音楽2. オヨヨ書房とGofish
以前、金沢を訪れたとき、せせらぎ通りにあるオヨヨ書房という古本屋に立ち寄ったことがある。古い町屋をそのまま古本屋にしたような店なのだが、どんなに外が明るくても内部はほの暗く、堆積した古書の紙のにおいと時間が滞留していて、いまでも金沢の土地の感覚と色濃く結びついている。
そこでは寿岳文章としずの全集の一巻を安くで買った。芹沢銈介の手になる装丁は、茶色にくすんでいるが、木版によるおおらかな線の装飾が書店の雰囲気にとても似合っていた。(まだ内部は数ページしか読み進めていないということは言い添えておく。)
本を物色しているとき、店内には歌詞の妙に印象に残る曲が流れていた。「肺は正常に血液に、酸素を送って…」。心臓が血液を規則的に送りだすイメージはなんとなく見聞きしたことがあるが、肺というものは、あまり意識したことがないものだったので、それが歌としてあらわれたことの驚きがあったのだろう。あとで調べたところ、Gofishことテライショウタという名古屋を拠点に活動するミュージシャンの「肺」と題される曲であった。
心臓よりも、肺は静かなイメージである。そのぶん、死により近いというか、死となだらかにつながっている。鼓動が止まれば終わるようなものではなく、呼吸は徐々に弱くなり、息が止まってもなだらかに意識が遠のくだけである。
ただ一方で、ここには血液の、色濃い「血」のイメージがあった。そして歌のなかでは、静かな「肺」のイメージと同時に、急かされ、そのために走り出さざるをえないものについてもまた唄われている。「二度と届かないような気がしてしまうから。足がちぎれるほど走り続けている。」なだらかに死と繋がる感覚と、一方で急くような、身体的な、血肉を感じさせるものの対比が、この歌の根底にはある。

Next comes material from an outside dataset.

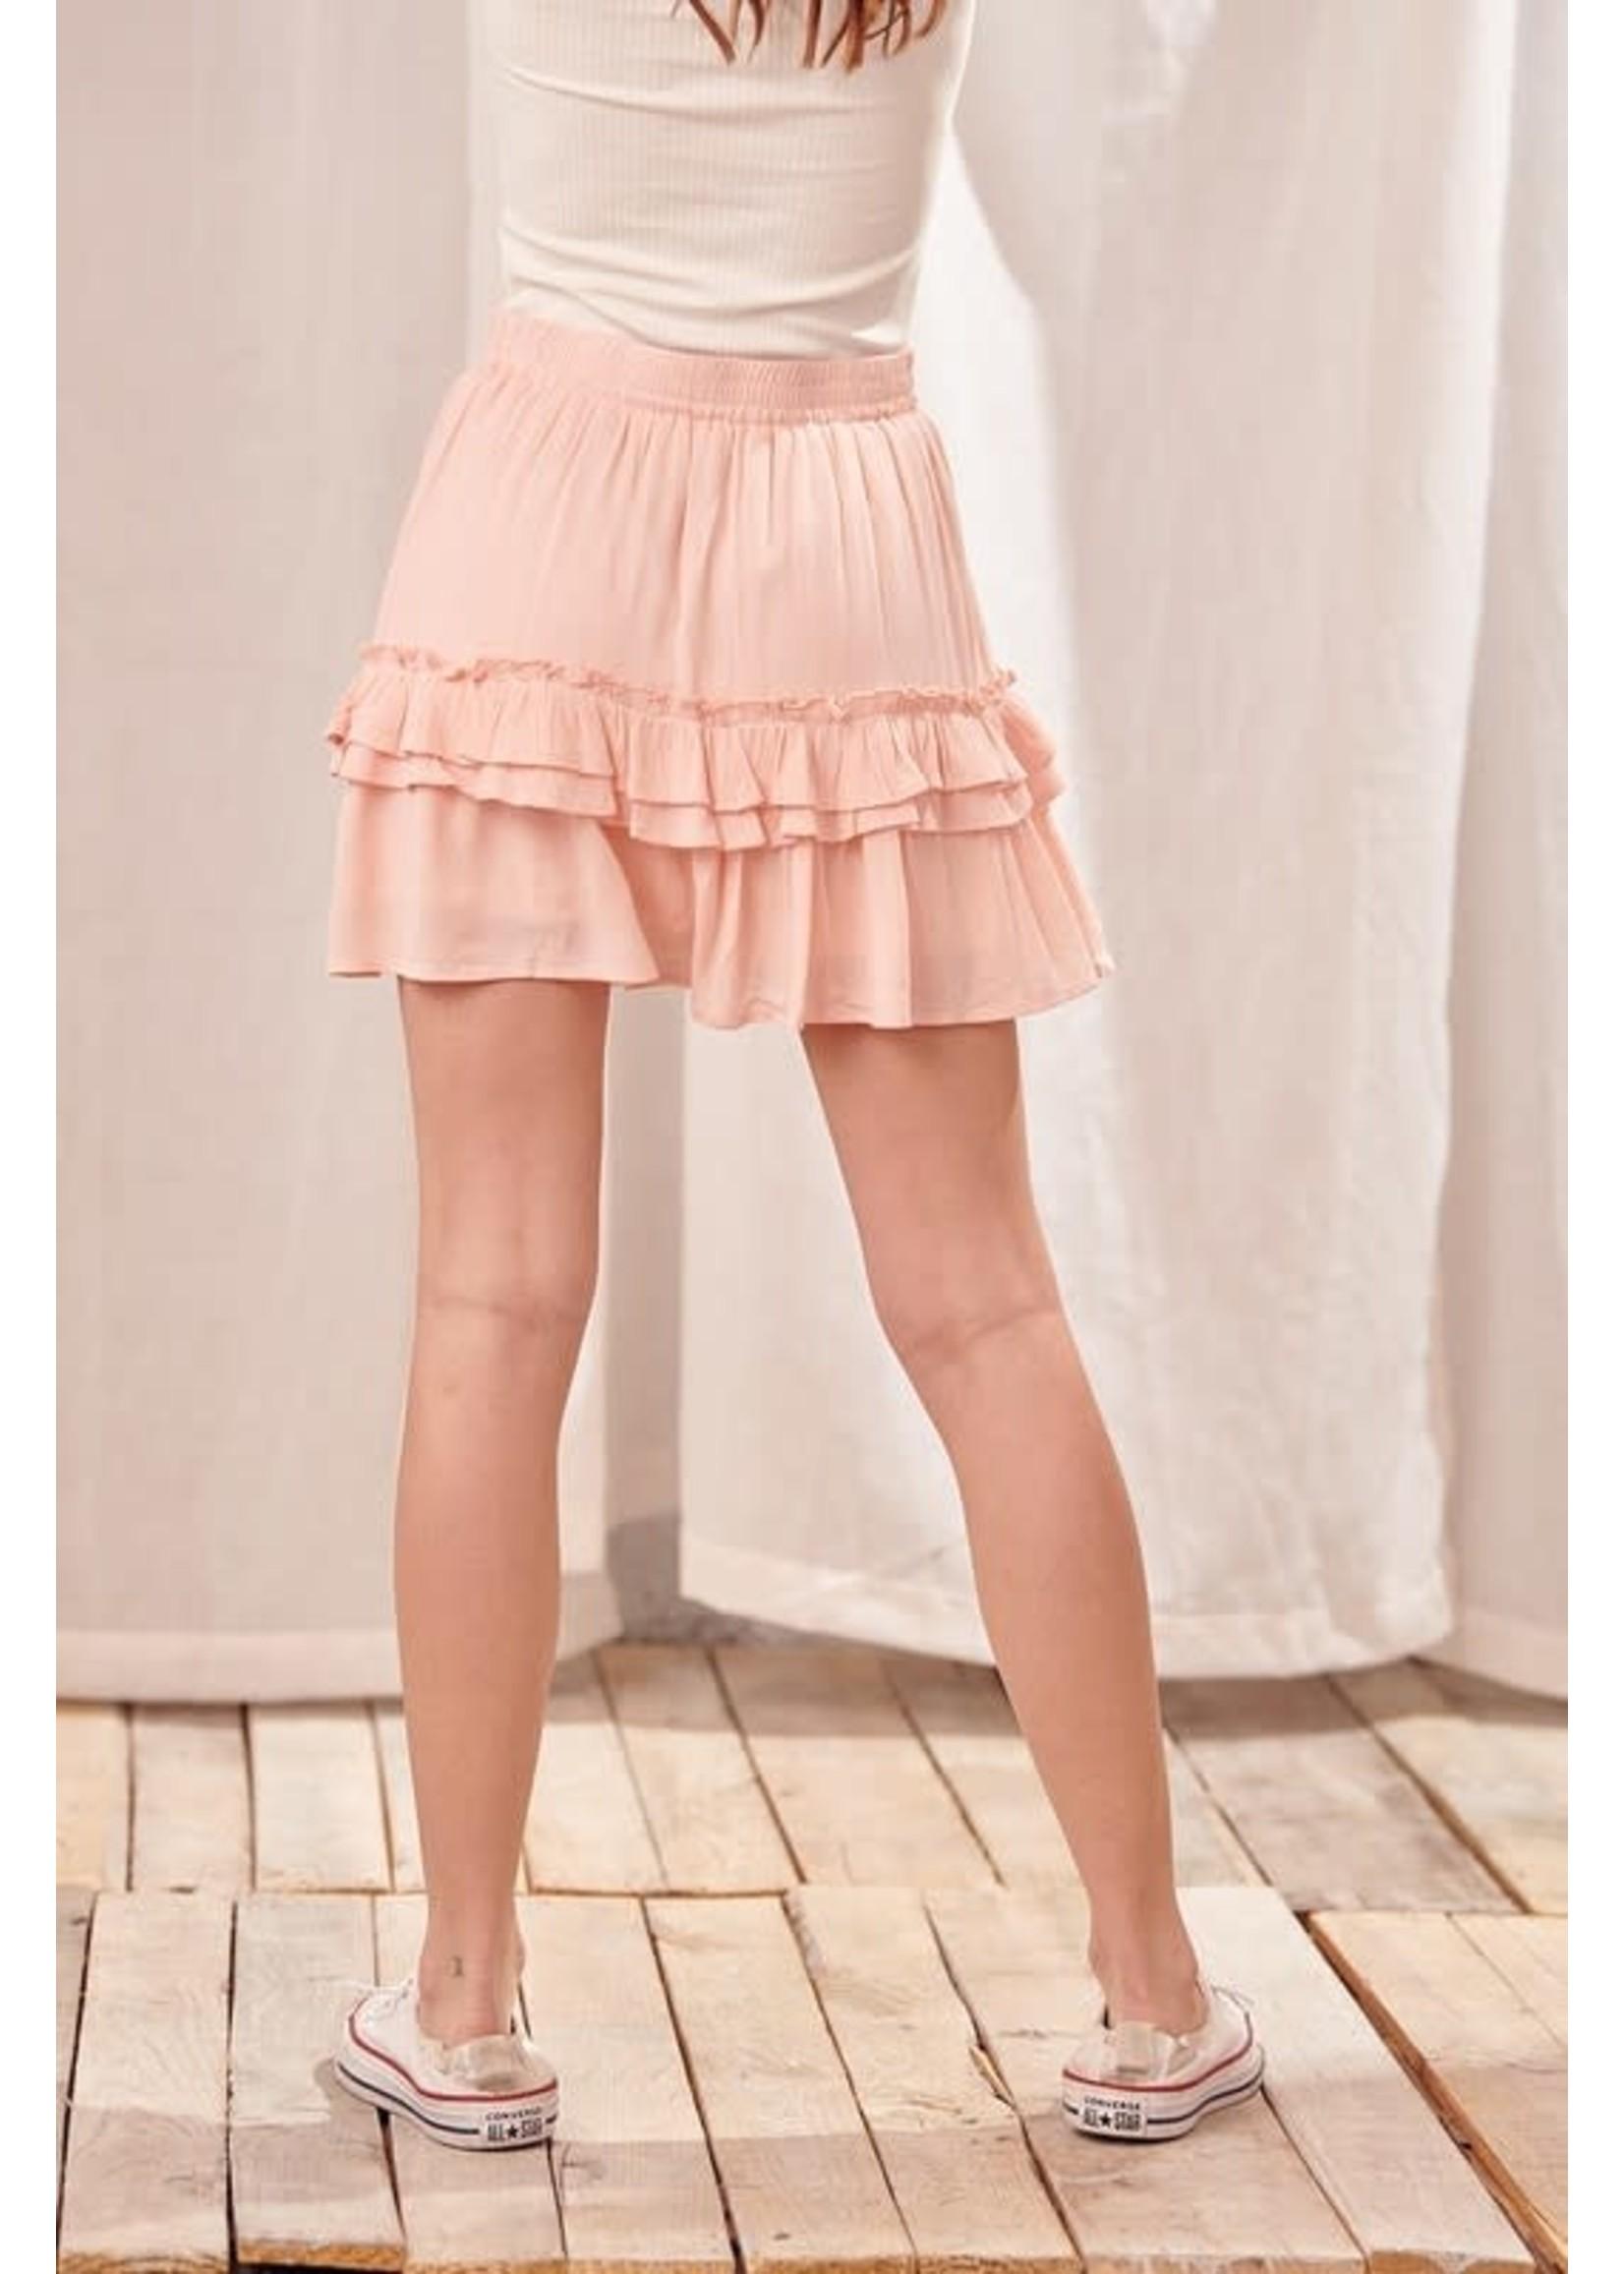 Storia Ruffled and Frilled Mini Skirt - JS2635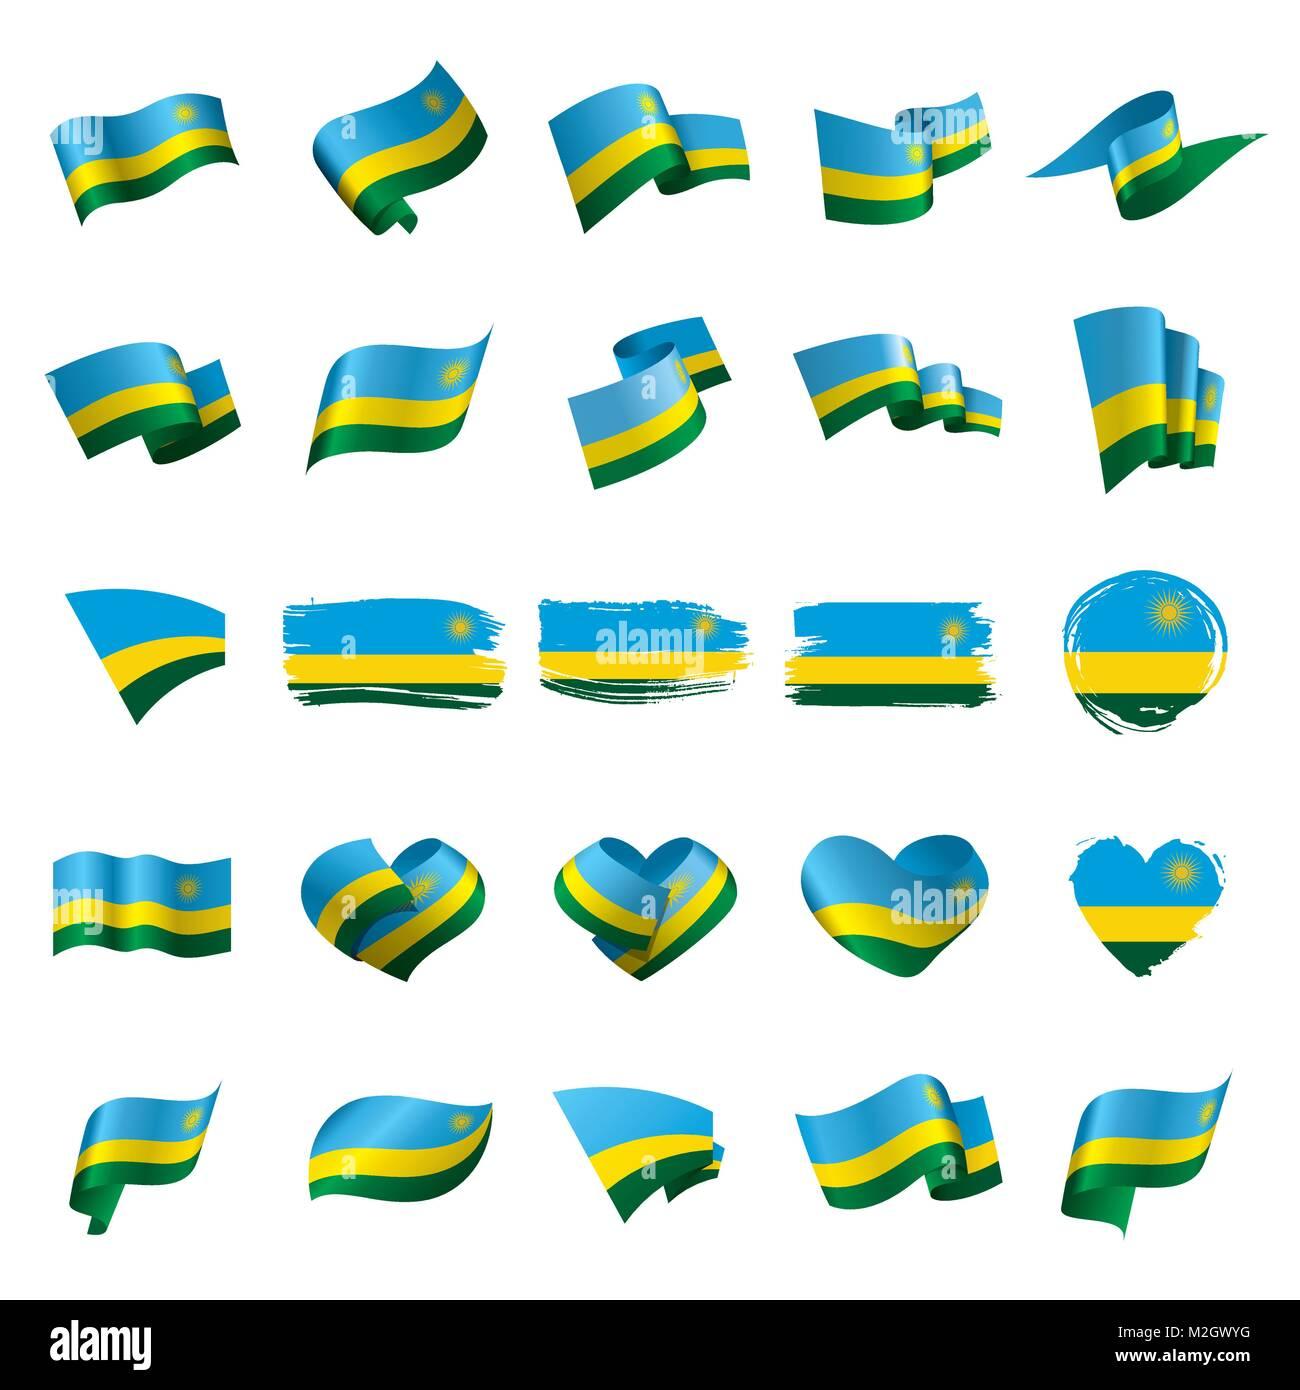 Rwanda flag, vector illustration - Stock Image

このGofishが、イ・ランと井出健介の3人で、彼の「さよならを追いかけて」を唄う動画がある。「出会いは一瞬なのに、さよならは永遠に続く」という一見逆説めいた歌詞からひろがっていったような歌である。もちろんここでは昨日、今日、明日という時間の「螺旋の輪」を覗き、「巡りあう時間」を眺める視点がもたらされている。しかし、それを突き抜けていく何かがある。「だからずっとずっと、遠くまで」。
最後がもっとも美しい。永遠に続く「さよなら」を追いかけていたものが、「さよなら」を追い越し、それに「さよなら」を告げる。3人の重なり合う声で歌われる最後の「さよなら」は、「追いかける」ものではなくなり、呼びかけるほんとうの「さよなら」になる。井出健介の歌声は、ほかの二人とのハーモニーのなかでより高く、なだらかに弧を描きながら上昇し、そして落ちていく。ほの暗い夜空に現れて私たちにさよならを告げる流星のようである。そして私たちにも、そして「さよなら」にもさよならを告げて、ずっとずっと遠くまでいってしまう。
オヨヨ書房で本を買って出た外の光は、本当にまぶしかったのを覚えている。一方で肌にはあのひんやりとした壁や紙片の感覚がまとわりつき、網膜の奥にはふりつもったほこりが張りついているようだった。めぐりあう時間と、それを静かに貫いて、どこか遠くまで行ってしまうもののあいだで、すこし立ちすさんだ。背後には内部をほの暗く見せながら、その戸口を開いている書店が佇んでいた。